* [Data provided]:
★ ★ ★ ★

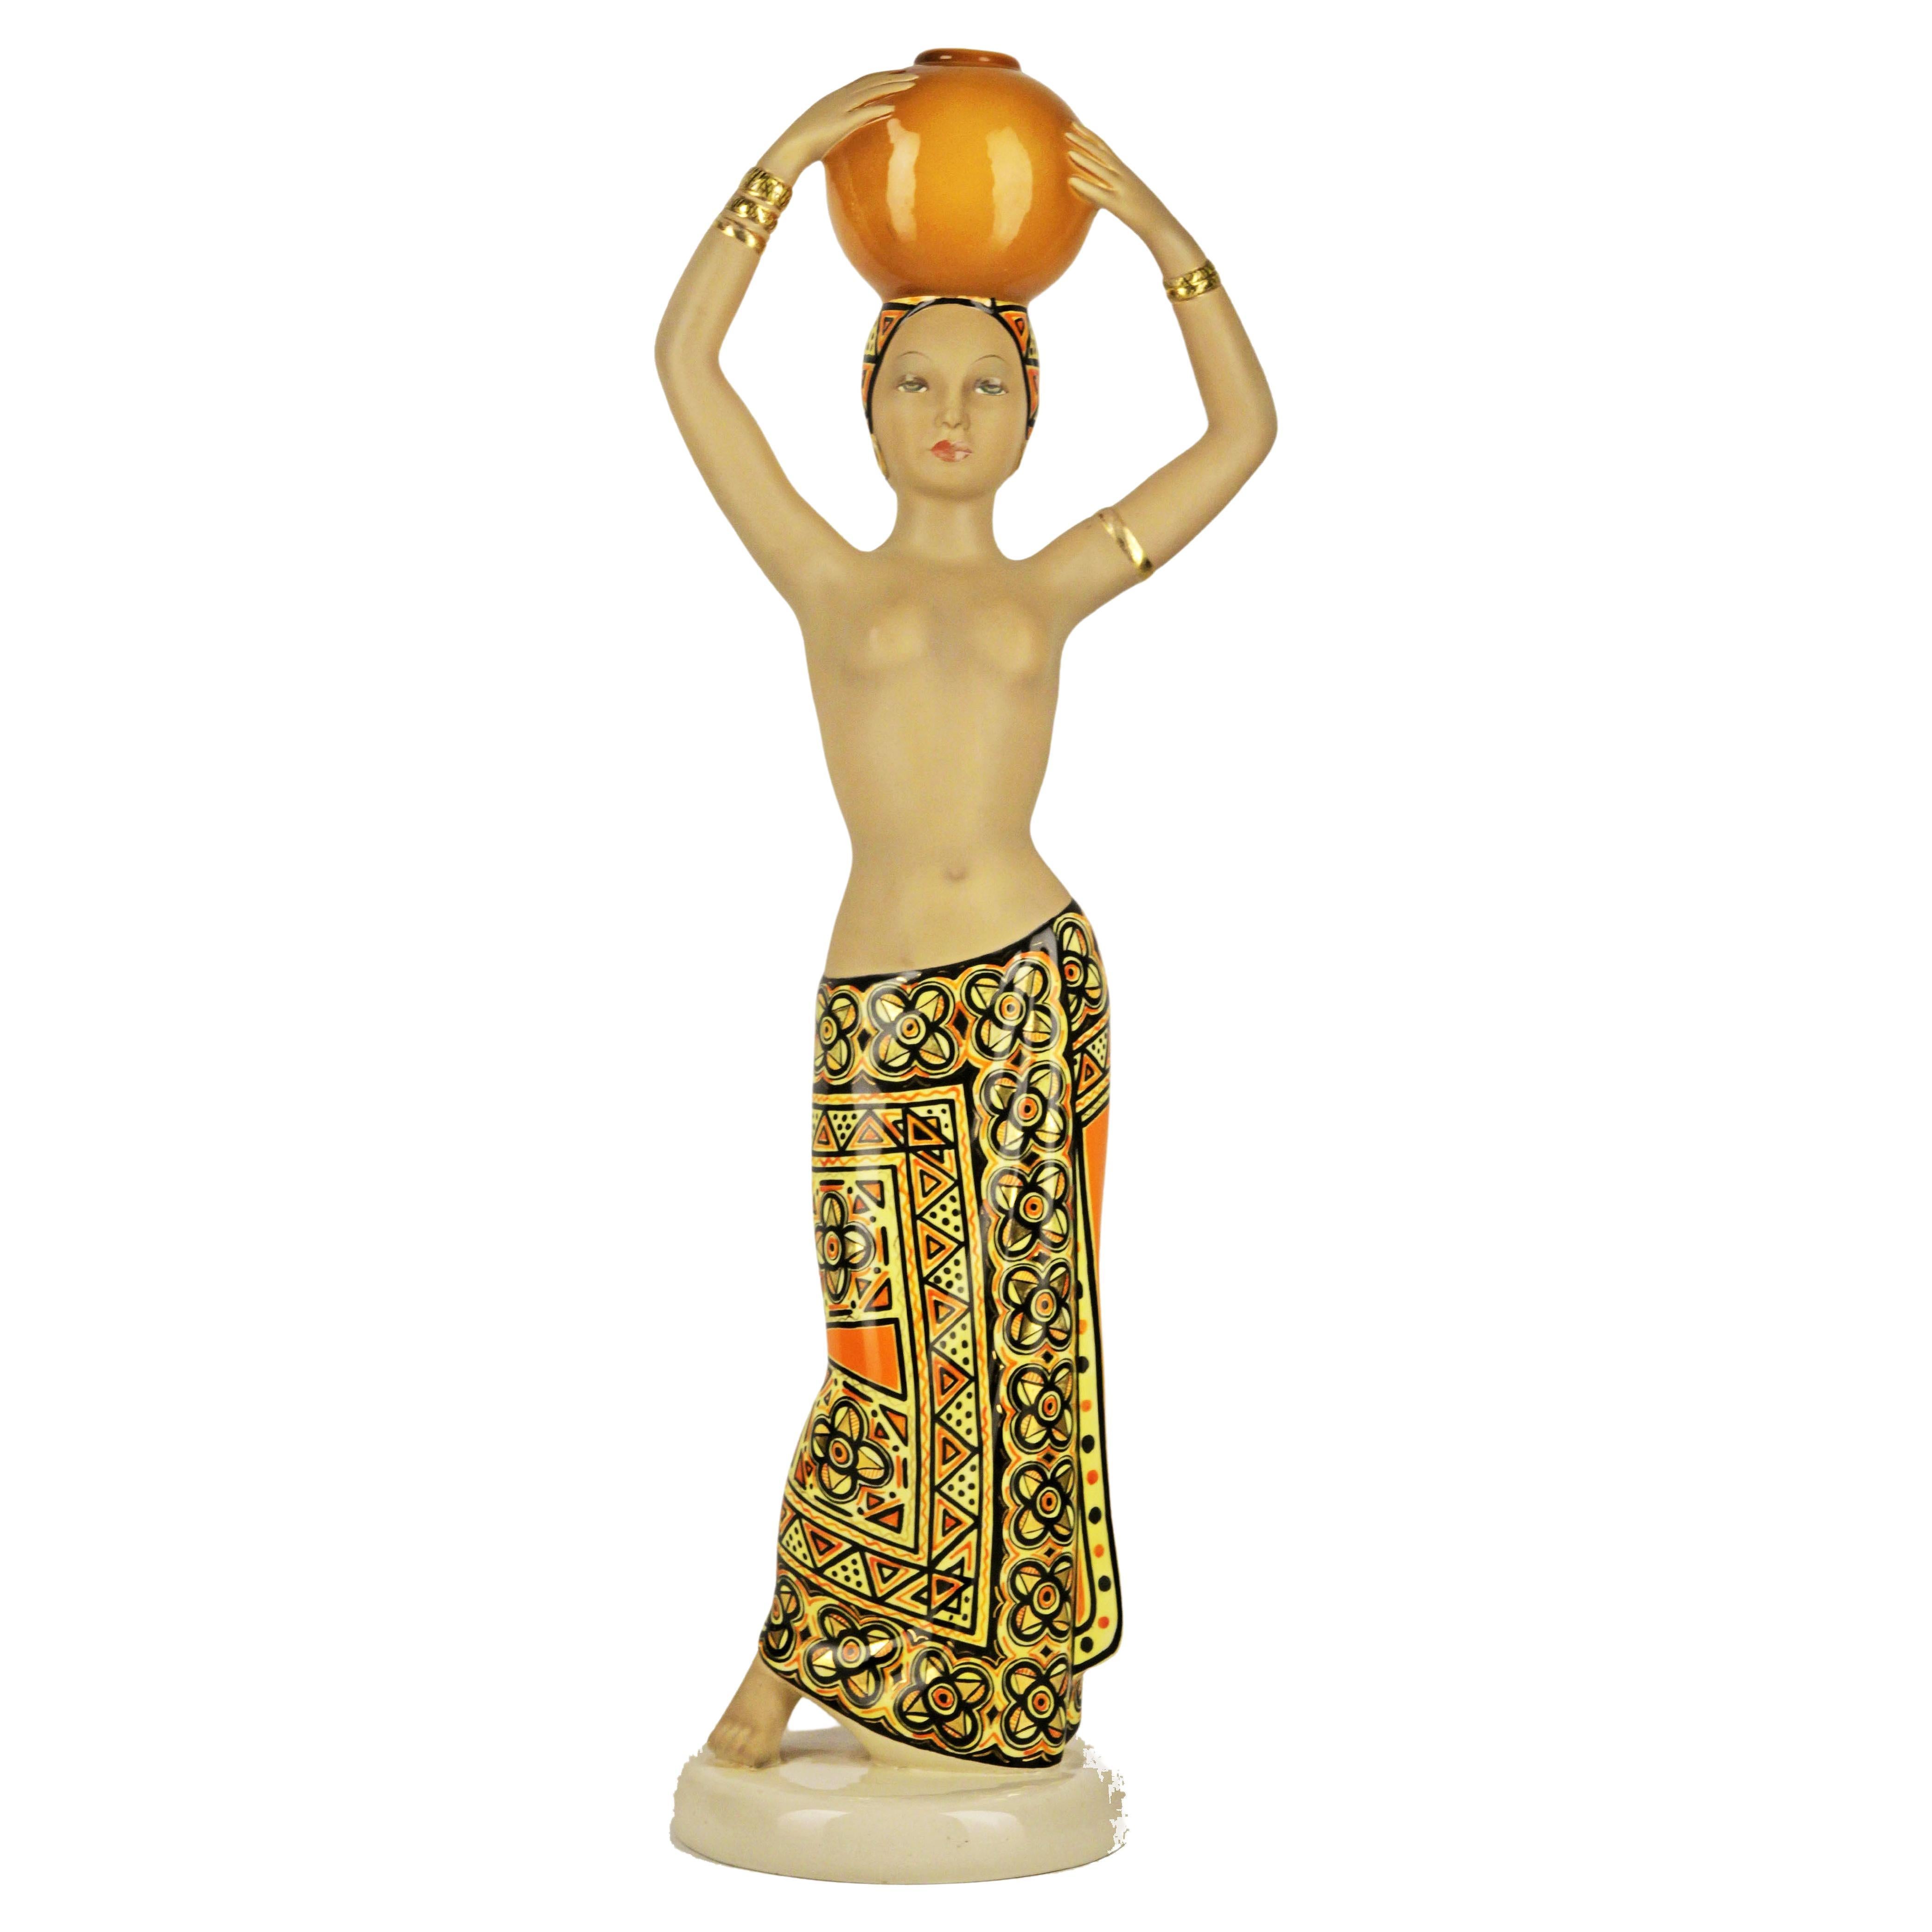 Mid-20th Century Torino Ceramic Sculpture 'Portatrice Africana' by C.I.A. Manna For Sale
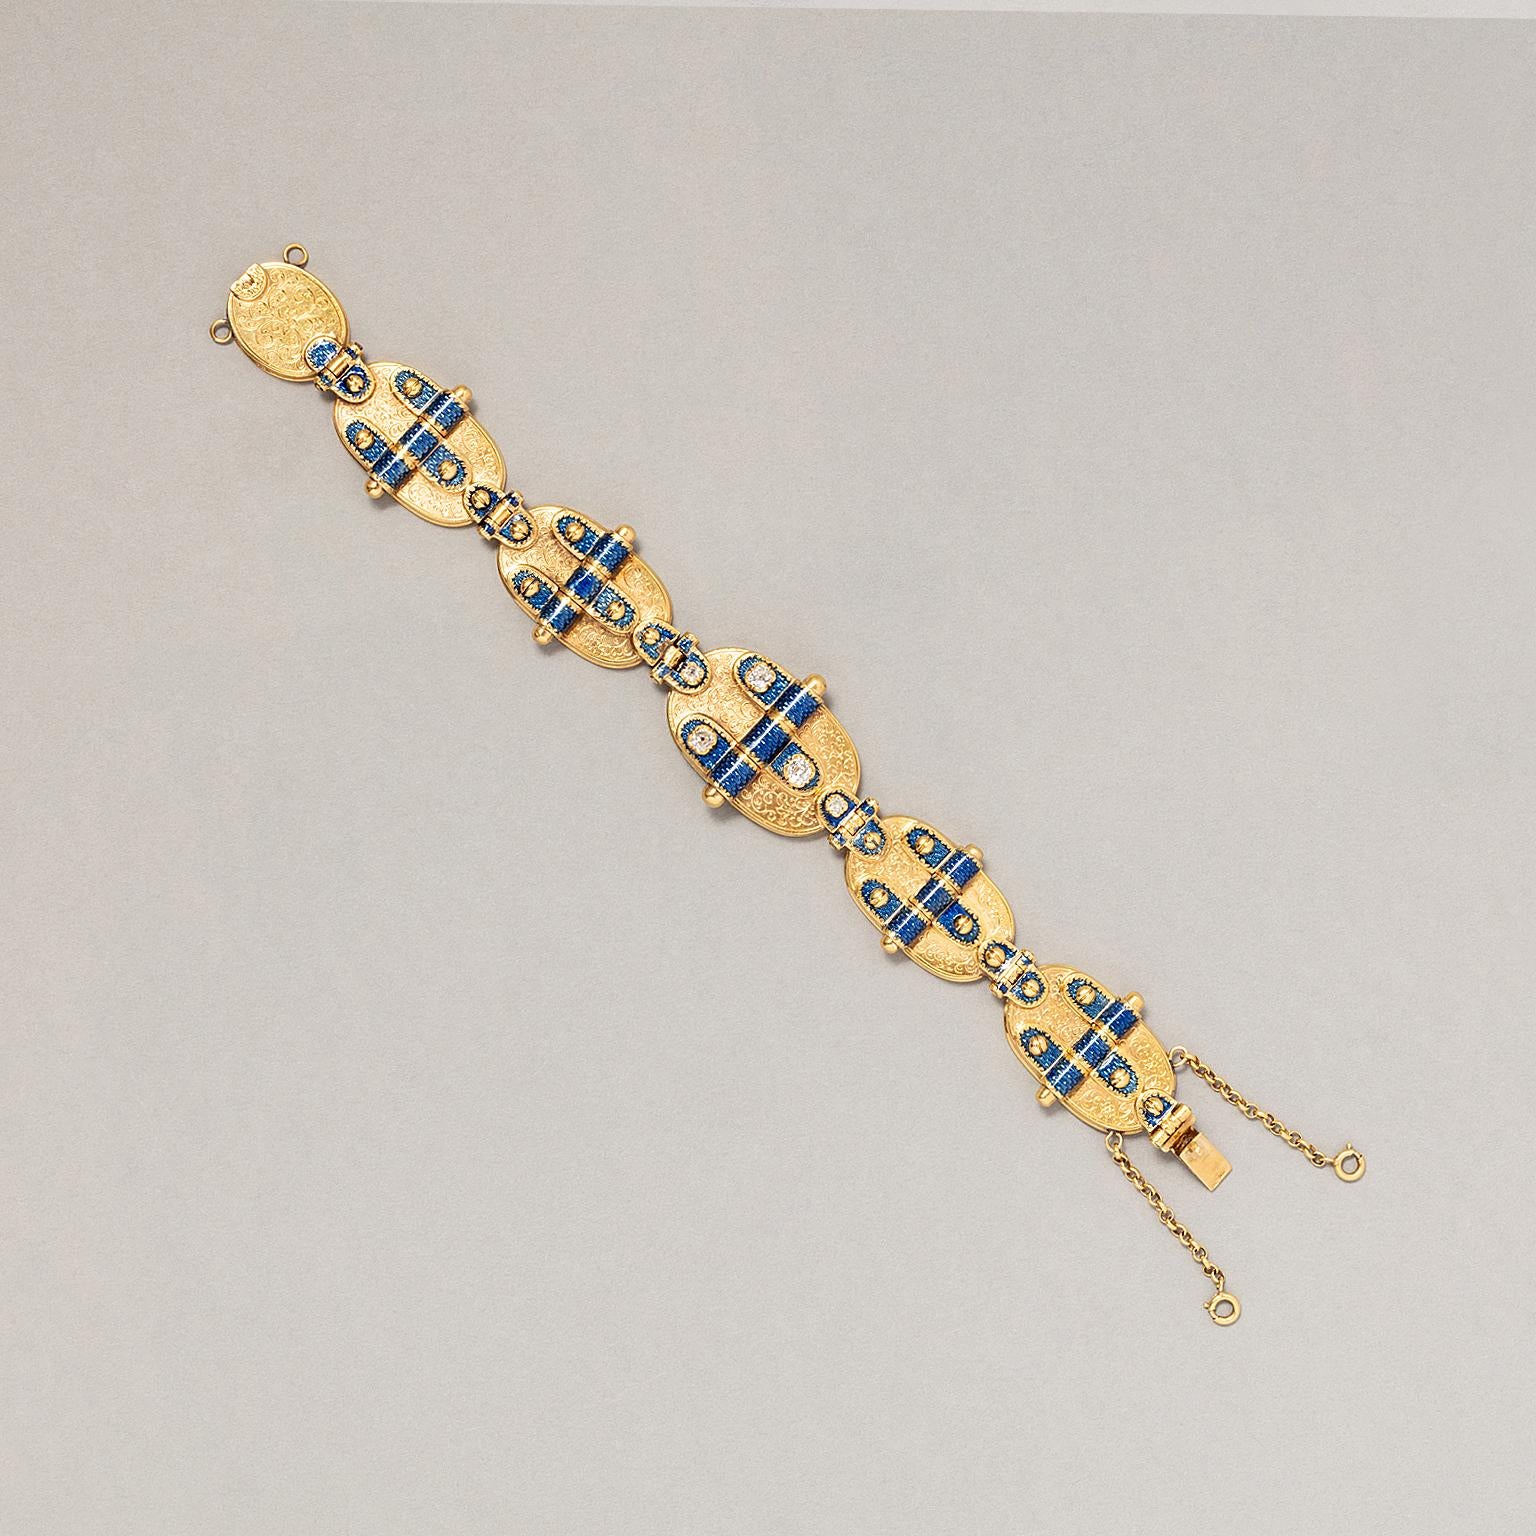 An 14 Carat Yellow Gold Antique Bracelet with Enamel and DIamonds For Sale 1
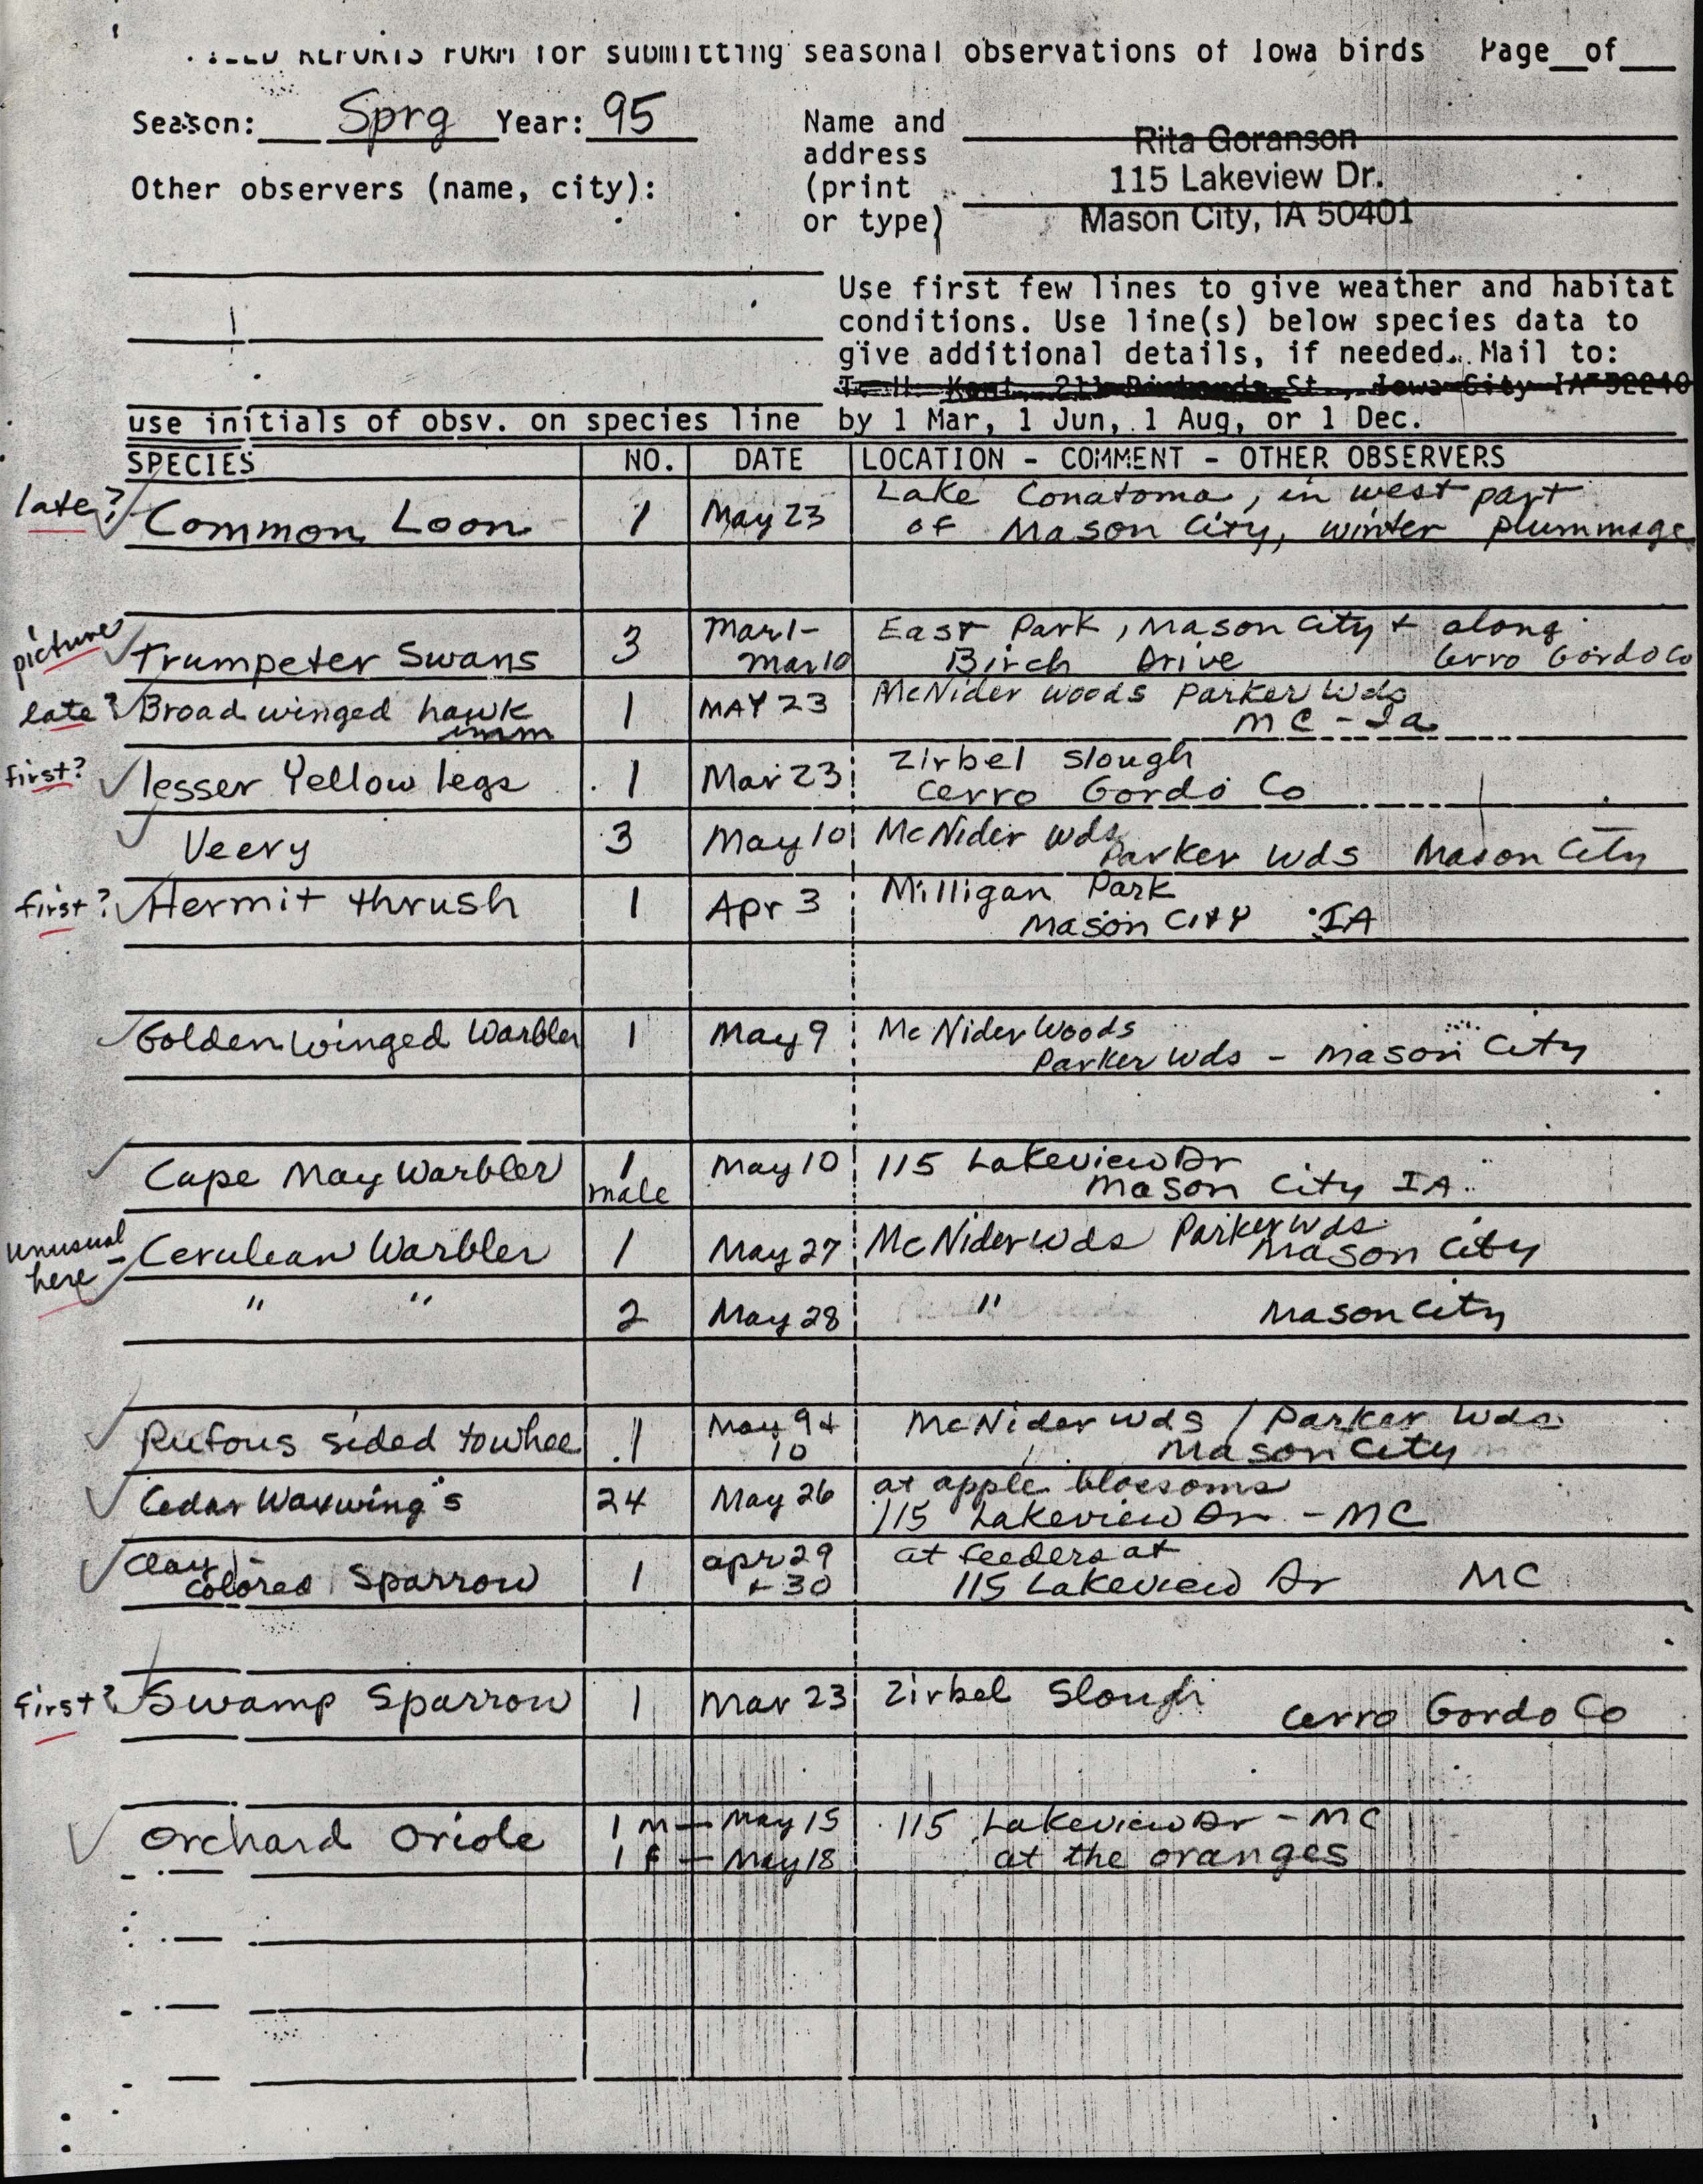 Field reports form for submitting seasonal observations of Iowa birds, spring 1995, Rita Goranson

★ ★ ★ ★

* [Work item]:
Word for word, restate the lines from the one containing "An 14 Carat" through the end of the listing, and nothing more. Skip the pictures.

* [Result of the exercise]:
 An 14 Carat Yellow Gold Antique Bracelet with Enamel and DIamonds For Sale 1
 Field reports form for submitting seasonal observations of Iowa birds, spring 1995, Rita Goranson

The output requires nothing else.